To answer your questions regarding what is a “fair valuation” for your deal, that is not an exact science. We’ve receive hypothetical questions like:
“How can I estimate the valuation of a 1 year old startup software company with about $500k revenue?” and
“If we are a healthcare play, is 20% equity for $1M and one board seat in a Series A considered the norm and fair?”
Unlike businesses that have operated for a while, it’s hard to use concrete metrics to derive business valuations. Normal techniques of discounted cash flow, comparable public comparison companies, etc. all are somewhat suspect with a new business enterprise.
There is not a single standard technique that VCs use to value companies. It’s part science, part experience and part “gut.” If the deal is competitive, then that figures into the price as well.

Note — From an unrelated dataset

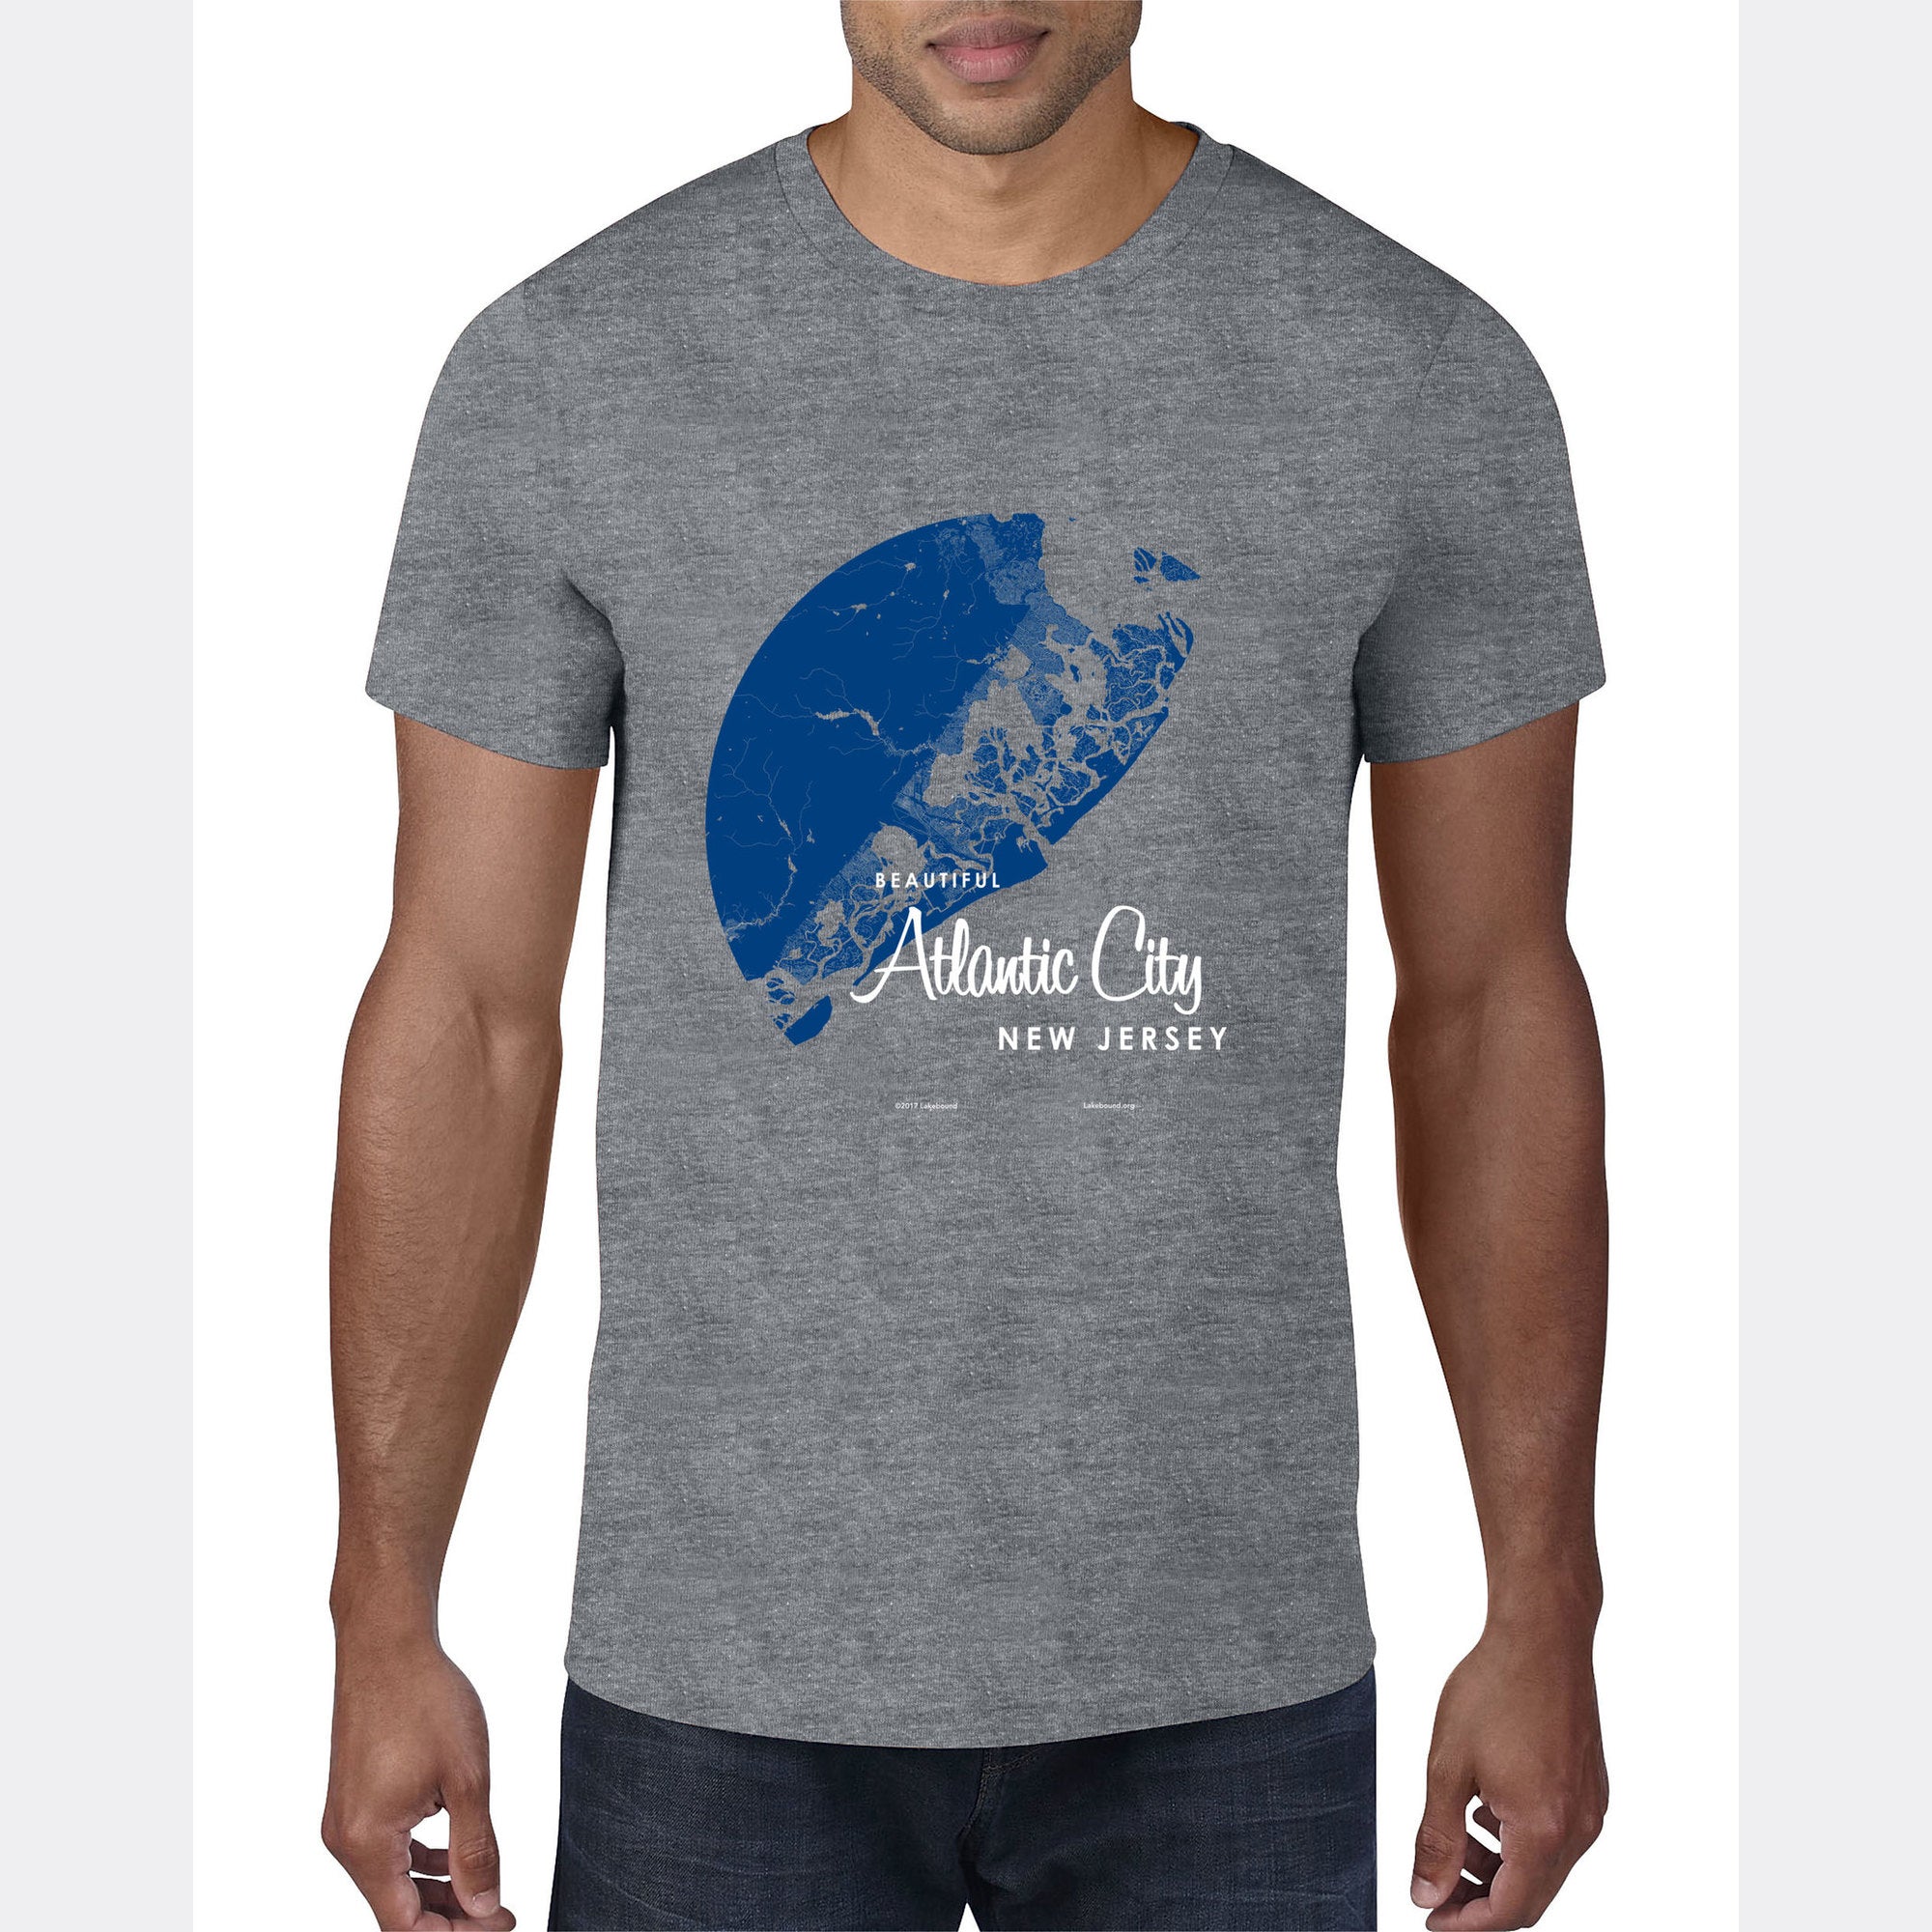 Atlantic City New Jersey, T-Shirt

Consider that VCs do not invest in companies because of cash flow and revenue, rather the return potential on a company sale or IPO. If your company has 500k in revenue, that is a good sign that you have some customer traction (and that will help your valuation), but the exact number is somewhat irrelevant. It’s about the potential exit value.
As for whether or not $1M should buy 20% of a company in a Series A deal, that would imply a $4M pre-money. Without full knowledge of your company, it’s impossible for me to say what is a reasonable number, but we’ve done deals in this valuation range, so at first blush it’s not completely out of bounds.